The following correction has to be performed on the resulting amount
$d_n$
to avoid rounding errors due to precision loss:
$d_n = \begin{cases} d_n+1 &\text{if } \frac{d_n*\text{rate}}{1e^{18}} < d \\ d_n &\text{else } \end{cases}$

#### normalDebt to debtAtMaturity

$d_m = d_n\frac{\text{rate} + i_{\text{maturity}} - 1^{18}}{1^{18}}$

#### collateralizationRatio

$r = \begin{cases} \frac{p*c}{d} &\text{if}\quad d>0 \\ \infty &\text{else} \end{cases}$

#### Max.debt for a given collateralizationRatio and collateral amount

$d_\text{max} = \begin{cases} \frac{p*c}{r} &\text{if}\quad r>0 \\ \infty &\text{else} \end{cases}$

#### Min. collateral for a given collateralizationRatio and debt amount

$c_\text{min} = \begin{cases} \frac{r*d}{p} &\text{if}\quad p>0 \\ \infty &\text{else} \end{cases}$

## Leverage Formulas

#### Min. collateralizationRatio for a levered deposit

$r_{\text{min}}=\frac{\frac{p*x_{\text{f→u}}}{1e^{18}}x_{\text{u→c}}}{1e^{18}}$
where
$x_{f→u}$
and
$x_{u→c}$
are the FIAT/underlying and underlying/collateral exchange rates including price impact and slippage.

#### Max. collateralizationRatio for a levered deposit

$r_{\text{max}}=\begin{cases} \frac{p*(c + \frac{x_{\text{u→c}}u}{1e^{18}})}{d} &\text{if } d>0 \\ \infty &\text{else} \end{cases}$
where
$u$
is the deposited underlier amount and
$x_{uc}$
is the underlying/collateral exchange rate including price impact and slippage.

#### flashloan amount for a levered deposit

$f=\frac{p*(c + \frac{x_{\text{u→c}}u}{1e^{18}}) - rd}{1e^{18}r - \frac{px_{\text{f→u}}}{1e^{18}}x_{\text{u→c}}}$
where
$u$
is the deposited underlier amount and
$x_{f→u}$
and
$x_{u→c}$
are the FIAT/underlying and underlying/collateral exchange rates including price impact and slippage.

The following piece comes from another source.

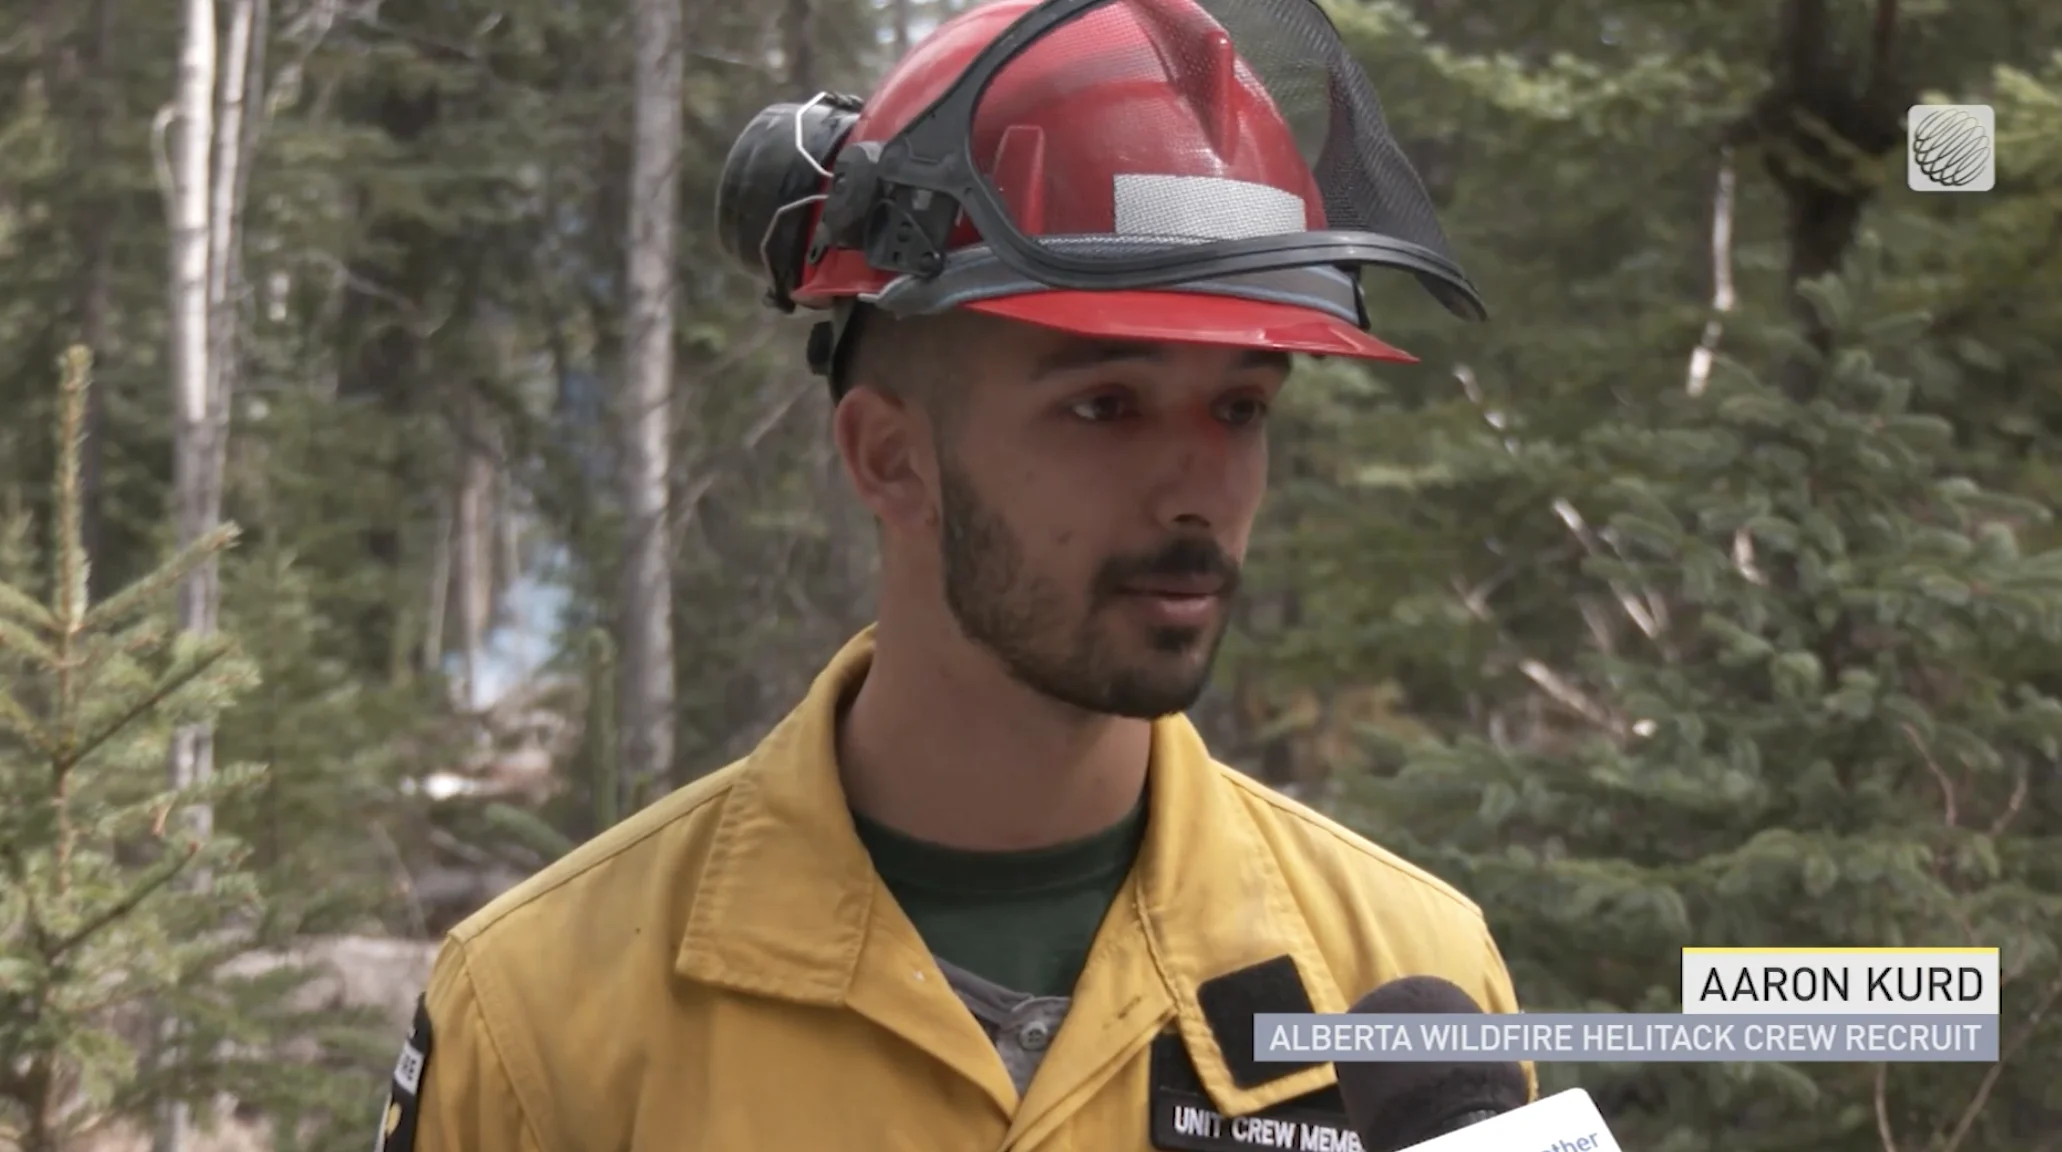 Connor O'Donovan: Aaron Kurd, firefighter for Alberta
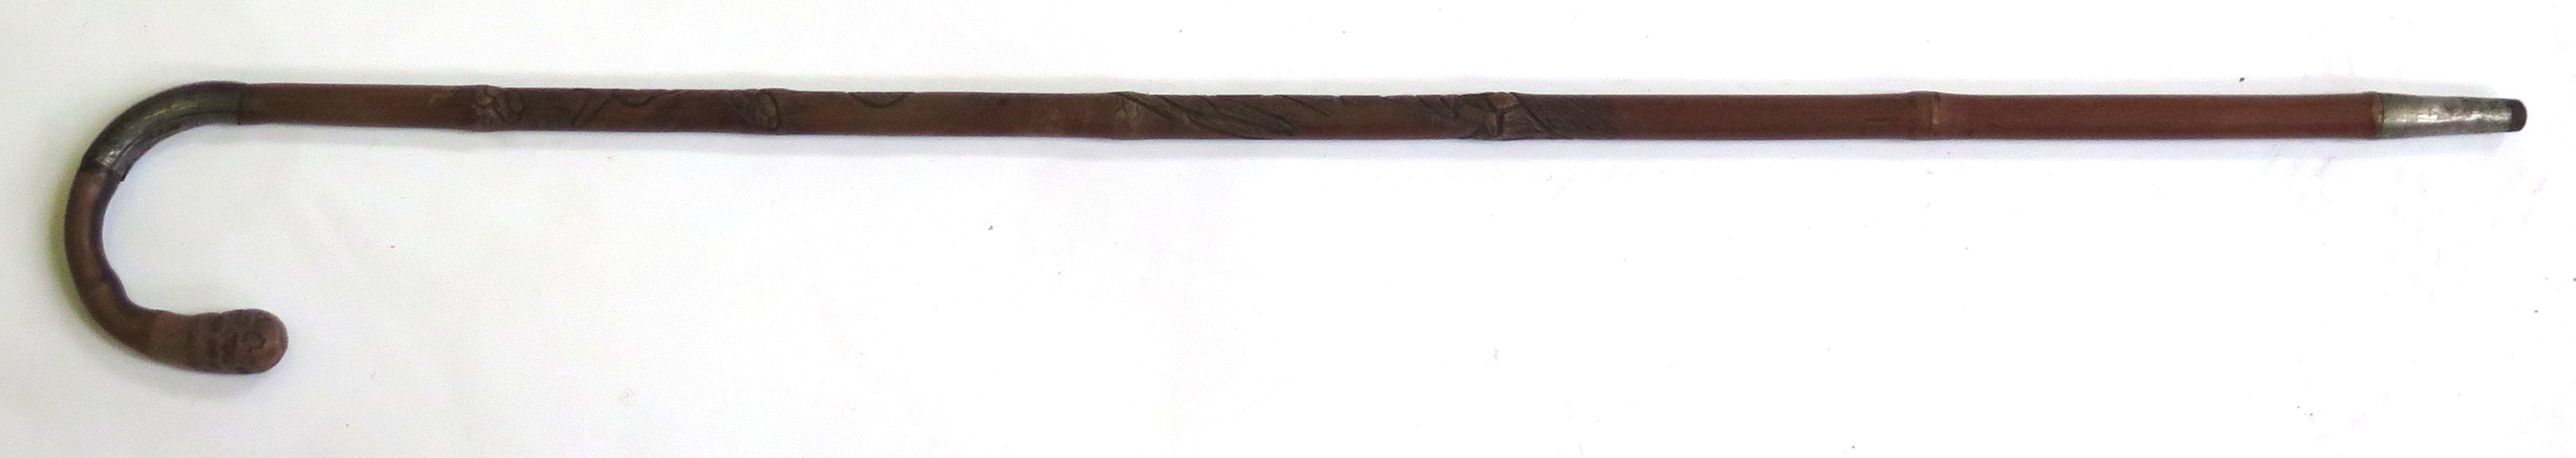 Käpp, bambu med silver(?)montage, antagligen Kina, sekelskiftet 1900,_13788a_lg.jpeg

#### Min. collateralizationRatio for a levered withdrawal

$r_{\text{min}} = \begin{cases} \frac{p(c - \Delta c)}{d} &\text{if}\quad \Delta c < c \text{ AND } d>0 \\ \infty &\text{else} \end{cases}$
where
$c$
and
$d$
are the position collateral and debt, and
$\Delta c$
is the withdrawn collateral amount.

#### Max. collateralizationRatio for a levered withdrawal

$r_{\text{max}} = \begin{cases} \frac{p(c-\Delta c)}{d - \Delta c x_{c\rightarrow u}x_{u\rightarrow f}} &\text{if}\quad \Delta c < c \text{ AND } d>0 \\ \infty &\text{else} \end{cases}$
where
$c$
is the position collateral and
$\Delta c$
the withdrawn collateral amount.

#### flashloan amount for a levered withdrawal

$f = \begin{cases} d-\frac{p(c - \Delta c)}{r} &\text{if}\quad c>\Delta c \\ d &\text{if else}\quad c=\Delta c \\ \text{revert} &\text{else}\end{cases}$
where
$c$
and
$d$
are the position collateral and debt, and
$\Delta c$
is the withdrawn collateral amount. It is thus assumed that
$\Delta c \leq c$
and
$d>0$
as the computation would otherwise yield an invalid result.

#### Estimated underlier for a levered withdrawal

$w = \frac{(\Delta c - \frac{\frac{f*1e^{18}}{x_{u→f}}1e^{18}}{x_{c→u}})x_{c→u}}{1e^{18}}$
where
$\Delta c$
is the withdrawn collateral amount,
$f$
is the flashloan amount used for the withdrawal, and
$x_{u→f}$
and
$x_{c→u}$
are the underlying/FIAT and collateral/underlying exchange rates including price impact and slippage.
Note that for a collateral asset beyond its maturity the formula remains intact with the difference that the input underlying/collateral exchange rate is fixed, i.e.
$x_{u→c} = 1e^{18}$
.

#### profitAtMaturity for a levered deposit

$g = w - u$
where
$w$
is the estimated underlier amount withdrawn at maturity (i.e. with an input of
$x_{cu} = 1e^{18}$
and
$\Delta c = c$
) and
$u$
is the deposited underlier amount. It is further assumed that the collateral token can be redeemed for underlier tokens at a rate of
$x_{cu}=1e^{18}$
.

#### yieldToMaturity for a levered deposit

$y_{\text{maturity}} = \begin{cases} \frac{(u + g)1e^{18}}{u} - 1e^{18} &\text{if}\quad u>0 \\ \infty &\text{else} \end{cases}$
where
$u$
is the deposited underlier amount and
$g$
is the estimated profitAtMaturity.

#### yieldToMaturity to annualYield

$y_{\text{year}} = \begin{cases} (1e^{18}+y_{\text{maturity}})^{\frac{31622400}{T-t}}-1e^{18} & \text{if } t < T \\ 0 &\text{else} \end{cases}$

#### Minimal amountOut for a max slippagePercentage
$a_s = \frac{a(1e^{18}-s_\text{percentage})}{1e^{18}}$
$a$
is the estimated amountOut without accounting for slippage.